见由J.R.Tucker,C.Wang,J.W.Lyding,T.C.Shen,G.C.Abeln所著的“Si上的纳米级MOSFET和STM图形化”,1994年的SSDM第322到324页;由J.R.Tucker,C.Wang,P.S.Carney,所著的“量子隧道基础上的硅场效应管”,1994年8月1日的“应用物理书函”第65卷第5号618页到620页。需要明确指出的是,Tucker并未讨论该采用怎样的方法引入沟道掺杂以抑制源极至漏极的漏电流。
O.T.Zhao是另一位明确阐述沟道掺杂以控制漏电流问题的作者。他的方法(基电的均匀掺杂在很高的级别(1017/cm3))是非常著名的短沟道器件的非优化的方法。虽然他成功地减小了漏电流,但他却是以提高源极/漏极至基片的电容为代价完成的。见由Q.T.Zhao,F.Klinkhammer,M.Dolle,L. Kappius,s.Mantl所著的“用于超短沟道肖特基势垒金属氧化物半导体场效应管的外延CoSi2/Si(100)的纳米图形化”,“应用物理快讯”1999年1月18日第74卷第3号第454页。

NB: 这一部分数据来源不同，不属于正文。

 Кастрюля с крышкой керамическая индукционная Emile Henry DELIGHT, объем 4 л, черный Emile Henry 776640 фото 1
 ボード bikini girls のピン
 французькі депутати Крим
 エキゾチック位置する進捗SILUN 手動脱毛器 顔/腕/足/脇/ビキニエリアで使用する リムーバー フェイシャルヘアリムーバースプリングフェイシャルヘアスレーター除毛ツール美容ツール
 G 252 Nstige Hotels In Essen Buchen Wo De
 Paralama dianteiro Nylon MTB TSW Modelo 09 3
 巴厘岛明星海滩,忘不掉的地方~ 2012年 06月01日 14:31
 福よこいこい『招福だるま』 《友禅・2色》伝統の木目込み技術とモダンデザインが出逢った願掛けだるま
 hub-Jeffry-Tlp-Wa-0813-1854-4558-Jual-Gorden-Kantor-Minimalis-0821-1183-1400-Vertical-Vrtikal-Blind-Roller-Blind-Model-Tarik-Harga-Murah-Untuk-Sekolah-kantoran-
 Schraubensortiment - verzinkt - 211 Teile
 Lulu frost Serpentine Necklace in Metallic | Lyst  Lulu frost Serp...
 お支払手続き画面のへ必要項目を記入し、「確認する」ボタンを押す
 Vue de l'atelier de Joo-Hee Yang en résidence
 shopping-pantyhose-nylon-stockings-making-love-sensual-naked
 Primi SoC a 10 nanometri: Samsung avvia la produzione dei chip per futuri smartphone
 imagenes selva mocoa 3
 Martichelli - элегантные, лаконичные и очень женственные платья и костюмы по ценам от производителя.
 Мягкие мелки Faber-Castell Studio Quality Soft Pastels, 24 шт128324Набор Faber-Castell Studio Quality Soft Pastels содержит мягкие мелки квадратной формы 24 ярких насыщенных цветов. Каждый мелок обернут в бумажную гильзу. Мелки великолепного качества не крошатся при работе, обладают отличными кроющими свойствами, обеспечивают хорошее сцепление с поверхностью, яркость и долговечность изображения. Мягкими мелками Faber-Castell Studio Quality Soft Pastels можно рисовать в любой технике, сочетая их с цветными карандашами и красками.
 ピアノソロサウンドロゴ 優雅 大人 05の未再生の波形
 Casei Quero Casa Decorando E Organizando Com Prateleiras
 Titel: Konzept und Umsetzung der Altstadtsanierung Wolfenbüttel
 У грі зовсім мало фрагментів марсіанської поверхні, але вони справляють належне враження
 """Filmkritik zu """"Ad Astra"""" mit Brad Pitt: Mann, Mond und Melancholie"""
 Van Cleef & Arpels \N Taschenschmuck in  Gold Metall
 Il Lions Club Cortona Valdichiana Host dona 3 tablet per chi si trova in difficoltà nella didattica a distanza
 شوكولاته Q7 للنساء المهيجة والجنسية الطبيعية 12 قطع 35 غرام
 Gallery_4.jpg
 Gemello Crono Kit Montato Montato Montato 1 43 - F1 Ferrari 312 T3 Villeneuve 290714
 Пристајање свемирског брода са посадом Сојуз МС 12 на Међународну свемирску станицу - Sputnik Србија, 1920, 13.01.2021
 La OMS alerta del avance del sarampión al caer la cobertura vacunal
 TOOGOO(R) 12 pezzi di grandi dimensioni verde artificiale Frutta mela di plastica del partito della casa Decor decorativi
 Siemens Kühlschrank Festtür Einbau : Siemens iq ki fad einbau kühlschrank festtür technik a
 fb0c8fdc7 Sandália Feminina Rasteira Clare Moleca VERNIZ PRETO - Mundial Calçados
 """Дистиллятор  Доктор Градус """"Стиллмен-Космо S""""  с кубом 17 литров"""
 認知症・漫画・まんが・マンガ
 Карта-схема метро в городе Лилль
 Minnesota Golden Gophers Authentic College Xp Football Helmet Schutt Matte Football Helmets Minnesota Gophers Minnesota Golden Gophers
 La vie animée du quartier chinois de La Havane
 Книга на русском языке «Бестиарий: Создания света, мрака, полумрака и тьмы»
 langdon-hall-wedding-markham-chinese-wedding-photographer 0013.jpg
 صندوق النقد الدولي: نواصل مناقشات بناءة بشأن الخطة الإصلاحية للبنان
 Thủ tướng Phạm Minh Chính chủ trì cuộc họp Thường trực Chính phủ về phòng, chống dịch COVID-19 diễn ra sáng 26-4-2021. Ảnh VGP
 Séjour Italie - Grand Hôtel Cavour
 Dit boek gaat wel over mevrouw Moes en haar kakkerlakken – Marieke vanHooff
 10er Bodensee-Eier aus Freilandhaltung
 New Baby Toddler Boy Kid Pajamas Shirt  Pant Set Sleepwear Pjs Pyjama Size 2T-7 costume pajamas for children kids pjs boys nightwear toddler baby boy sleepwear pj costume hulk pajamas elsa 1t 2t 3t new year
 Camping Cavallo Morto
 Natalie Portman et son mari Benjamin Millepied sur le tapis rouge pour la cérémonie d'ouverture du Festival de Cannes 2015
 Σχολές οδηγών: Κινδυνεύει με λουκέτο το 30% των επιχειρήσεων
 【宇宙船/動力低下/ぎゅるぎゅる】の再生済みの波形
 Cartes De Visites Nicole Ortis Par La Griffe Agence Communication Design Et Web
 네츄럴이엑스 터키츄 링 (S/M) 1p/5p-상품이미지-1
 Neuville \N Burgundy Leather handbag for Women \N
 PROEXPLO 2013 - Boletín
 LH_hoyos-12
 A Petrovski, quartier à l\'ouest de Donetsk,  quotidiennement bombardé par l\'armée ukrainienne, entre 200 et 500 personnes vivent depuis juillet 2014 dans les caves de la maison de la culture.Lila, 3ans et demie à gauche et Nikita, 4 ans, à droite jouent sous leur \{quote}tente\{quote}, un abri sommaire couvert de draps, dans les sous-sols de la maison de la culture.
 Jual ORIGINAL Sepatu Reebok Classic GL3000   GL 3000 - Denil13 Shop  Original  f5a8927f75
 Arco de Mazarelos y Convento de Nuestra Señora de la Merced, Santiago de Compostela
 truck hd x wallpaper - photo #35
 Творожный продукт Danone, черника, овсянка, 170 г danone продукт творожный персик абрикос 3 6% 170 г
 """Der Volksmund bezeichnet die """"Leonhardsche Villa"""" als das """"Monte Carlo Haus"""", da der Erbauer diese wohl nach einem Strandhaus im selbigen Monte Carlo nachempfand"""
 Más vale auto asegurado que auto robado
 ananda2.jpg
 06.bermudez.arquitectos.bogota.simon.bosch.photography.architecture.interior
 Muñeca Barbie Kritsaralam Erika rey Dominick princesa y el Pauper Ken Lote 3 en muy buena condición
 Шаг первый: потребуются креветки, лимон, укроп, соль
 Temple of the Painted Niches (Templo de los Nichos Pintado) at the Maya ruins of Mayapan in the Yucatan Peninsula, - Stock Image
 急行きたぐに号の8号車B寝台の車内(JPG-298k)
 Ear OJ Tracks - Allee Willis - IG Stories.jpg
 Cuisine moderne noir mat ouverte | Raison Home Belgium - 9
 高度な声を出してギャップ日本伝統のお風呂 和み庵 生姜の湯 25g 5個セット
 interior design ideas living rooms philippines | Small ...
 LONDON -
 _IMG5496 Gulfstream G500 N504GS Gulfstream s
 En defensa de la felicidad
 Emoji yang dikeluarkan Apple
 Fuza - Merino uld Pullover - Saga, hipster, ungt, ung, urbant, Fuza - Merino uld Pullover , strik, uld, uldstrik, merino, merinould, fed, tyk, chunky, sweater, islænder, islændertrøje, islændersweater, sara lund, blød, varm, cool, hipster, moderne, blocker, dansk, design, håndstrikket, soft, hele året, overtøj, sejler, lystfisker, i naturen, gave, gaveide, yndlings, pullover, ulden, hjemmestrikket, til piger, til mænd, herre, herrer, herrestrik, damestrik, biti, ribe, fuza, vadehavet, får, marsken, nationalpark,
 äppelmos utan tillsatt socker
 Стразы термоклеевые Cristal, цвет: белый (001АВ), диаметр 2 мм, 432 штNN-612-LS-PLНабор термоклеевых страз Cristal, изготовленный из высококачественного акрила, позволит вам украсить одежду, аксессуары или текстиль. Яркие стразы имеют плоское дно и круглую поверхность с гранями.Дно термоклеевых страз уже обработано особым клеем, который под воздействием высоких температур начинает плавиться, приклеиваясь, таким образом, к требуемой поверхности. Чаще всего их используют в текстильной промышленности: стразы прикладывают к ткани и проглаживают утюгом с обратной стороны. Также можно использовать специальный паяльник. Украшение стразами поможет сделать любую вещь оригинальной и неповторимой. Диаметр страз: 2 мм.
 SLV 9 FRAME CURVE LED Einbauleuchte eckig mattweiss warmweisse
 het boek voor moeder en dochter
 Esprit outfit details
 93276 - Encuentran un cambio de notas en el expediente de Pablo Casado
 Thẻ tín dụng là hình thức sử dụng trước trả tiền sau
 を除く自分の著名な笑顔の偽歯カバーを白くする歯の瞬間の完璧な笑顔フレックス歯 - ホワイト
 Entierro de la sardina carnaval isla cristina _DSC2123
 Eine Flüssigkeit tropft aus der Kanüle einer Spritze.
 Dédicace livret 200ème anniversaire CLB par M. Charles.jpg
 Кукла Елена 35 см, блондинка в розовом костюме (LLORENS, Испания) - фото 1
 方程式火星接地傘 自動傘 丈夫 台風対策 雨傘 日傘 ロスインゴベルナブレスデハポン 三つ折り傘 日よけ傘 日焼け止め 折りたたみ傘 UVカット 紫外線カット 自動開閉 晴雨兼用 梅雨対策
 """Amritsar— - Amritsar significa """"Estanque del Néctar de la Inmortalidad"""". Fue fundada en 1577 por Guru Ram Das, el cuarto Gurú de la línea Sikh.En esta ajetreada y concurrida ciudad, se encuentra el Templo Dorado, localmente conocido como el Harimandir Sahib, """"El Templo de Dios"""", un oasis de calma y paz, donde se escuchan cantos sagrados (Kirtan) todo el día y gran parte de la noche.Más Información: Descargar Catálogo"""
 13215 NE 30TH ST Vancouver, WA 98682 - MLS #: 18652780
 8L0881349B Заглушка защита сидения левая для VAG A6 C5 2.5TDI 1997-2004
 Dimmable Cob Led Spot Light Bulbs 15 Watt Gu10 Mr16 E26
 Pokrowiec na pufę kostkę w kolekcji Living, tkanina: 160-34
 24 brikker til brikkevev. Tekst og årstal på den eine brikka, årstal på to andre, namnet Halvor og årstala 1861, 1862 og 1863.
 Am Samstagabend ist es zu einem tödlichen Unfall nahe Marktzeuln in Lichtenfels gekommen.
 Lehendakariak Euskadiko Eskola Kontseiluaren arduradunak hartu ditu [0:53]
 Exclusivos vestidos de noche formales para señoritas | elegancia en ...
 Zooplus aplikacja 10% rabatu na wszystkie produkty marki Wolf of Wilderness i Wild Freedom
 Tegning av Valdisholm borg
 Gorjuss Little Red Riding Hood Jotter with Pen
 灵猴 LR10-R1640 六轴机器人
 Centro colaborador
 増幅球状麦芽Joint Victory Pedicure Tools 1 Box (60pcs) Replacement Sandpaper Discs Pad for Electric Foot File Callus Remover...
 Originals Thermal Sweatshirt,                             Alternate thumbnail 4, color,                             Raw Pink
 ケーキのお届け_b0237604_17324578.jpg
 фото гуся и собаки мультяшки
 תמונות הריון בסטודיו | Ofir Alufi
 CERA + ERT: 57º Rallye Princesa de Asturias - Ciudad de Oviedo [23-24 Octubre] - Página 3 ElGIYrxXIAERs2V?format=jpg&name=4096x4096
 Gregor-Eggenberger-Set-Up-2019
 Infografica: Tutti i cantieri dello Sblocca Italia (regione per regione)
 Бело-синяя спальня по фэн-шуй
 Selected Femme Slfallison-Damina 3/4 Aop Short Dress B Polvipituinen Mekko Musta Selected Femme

W.Saitoh报告了在SOI基片上建立的器件,但并未在内容中讨论基片掺杂。见由W.Saitoh,S.Yamagami,A.Itoh,M.Asada所著的“具有PtSi肖特基源极/漏极的35nm金属栅SOI-P-MOSFET”,Santa Barbara,CA,1999年6月28-30日召开的“器件研究会议”,论文II.A.6,第30页。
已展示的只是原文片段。